The rise of oil prices above $97 a barrel, the death of the Pakistani opposition leader, Benazir Bhutto, and weak economic indicators for the domestic economy contributed to a spate of selling yesterday, pushing all the major indices down and increasing the likelihood that the Federal Reserve will cut interest rates again in 2008, economists say.

The Dow Jones Industrial Average fell 192.08 points yesterday to 13,359.61, while the S&P 500 dropped 21.29 points to 1,476.37 and the Nasdaq Composite Index declined by 47.62 points to 2,676.79.

“I think that the real key here is the assassination,” the chief economist at First Trust Advisors, Brian Wesbury, said. “People are on pins and needles now, waiting for something bad to happen.”

In addition to foreign politics causing a stir on Wall Street, new data released yesterday showed that America’s housing crisis continues to send shock waves throughout the economy as both the labor market and demand for American durable goods appear even more anemic than analysts had predicted.

The number of Americans filing first-time claims for unemployment insurance last week increased by 1,000, bringing the number of people collecting unemployment benefits to a high not seen since the aftermath of Hurricane Katrina, according to the Labor Department.

In the wake of the mortgage crisis, businesses related to real estate are finding it difficult to hold on to their workers. Construction companies in particular are laying off employees, as fewer houses are being built.

The weak numbers come on the heels of a record decline in home prices in October, reported earlier this week by Standard & Poor’s S&P/Case-Shiller index for 10 major metropolitan areas. It found that home prices were down 6.7% over the same month last year, exceeding the previous record year-to-year decline of 6.3% in 1991.

“We were expecting a fairly significant slowdown … and these numbers confirm that the slowdown is in process,” a director of financial economics for Global Insight, Brian Bethune, said.

Durable goods orders in November also were lower than analysts expected, indicating weak demand for expensive American-made products and further problems for the domestic economy. November orders rose just 0.1%, significantly lower than the 4.5% jump predicted by economists at Ried Thunberg ICAP.

The 0.1% increase in durable goods orders followed three consecutive months of decreases, including a 0.4% decrease in October. Increased demand for transportation equipment, especially planes, was the main contributor to November’s modest increase. Boeing Co. received orders for 177 planes in November, more than triple the number ordered the previous month.

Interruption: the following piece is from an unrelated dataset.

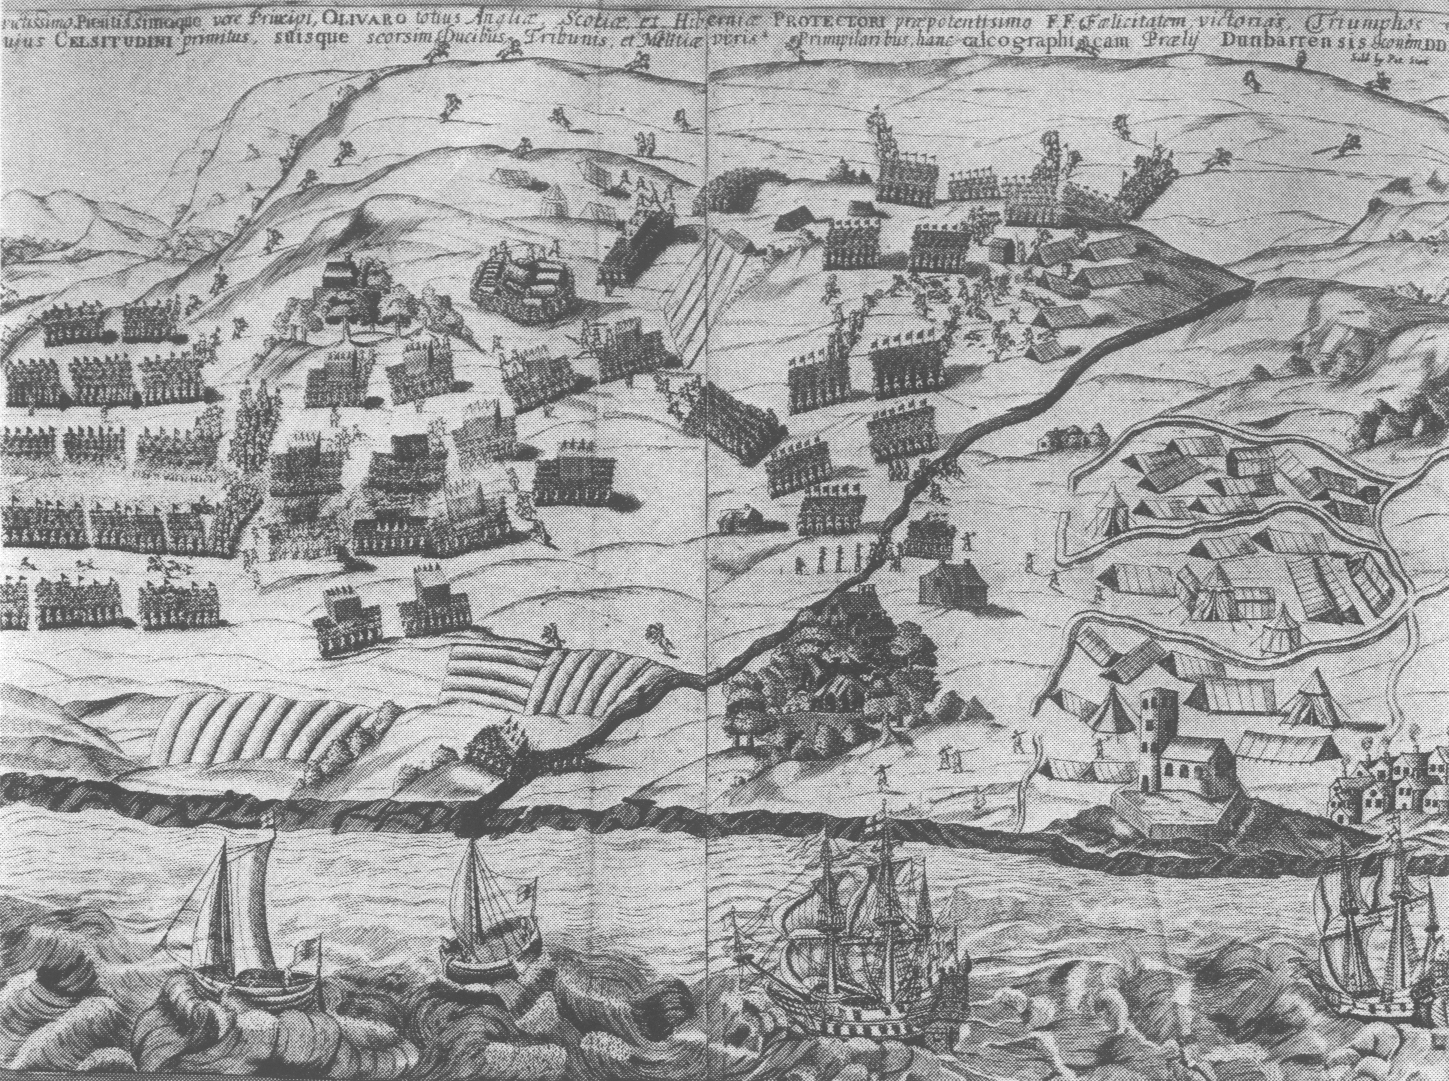 The  Second Battle of Dunbar

Ried Thunberg ICAP wrote in a report that the Commerce Department’s numbers suggest equipment and software spending may remain “decent” in the fourth quarter. However, “the weakness in orders doesn’t bode especially well for continued strength in such spending in the months ahead,” it wrote.

Mr. Bethune said, “Some people have been saying, ‘Put up or shut up,’ and I think these numbers basically put up the story that things are pretty weak out there.” He said he expects to see less than 1% growth for the fourth quarter of 2007 and less than 1% in early 2008.

Analysts at Goldman Sachs yesterday predicted that American banks would continue to suffer from the mortgage crisis well into 2008, raising their estimates for fourth-quarter writedowns at Citigroup, JPMorgan Chase, and Merrill Lynch to a combined $33.6 billion.

Economists are looking to yesterday’s numbers in order to predict how the Federal Reserve will act in early 2008. Signs of a flagging economy make it more likely that the Fed will continue to cut interest rates, they say.

“We think the Fed still needs to reduce rates, and so we’re calling for another 50bps in rate reduction in early 2008,” Mr. Bethune said. “A broadening of the economic weakness would certainly indicate the Fed needs to do more. How much they’re going to balance that against future inflation risks still remains to be seen.”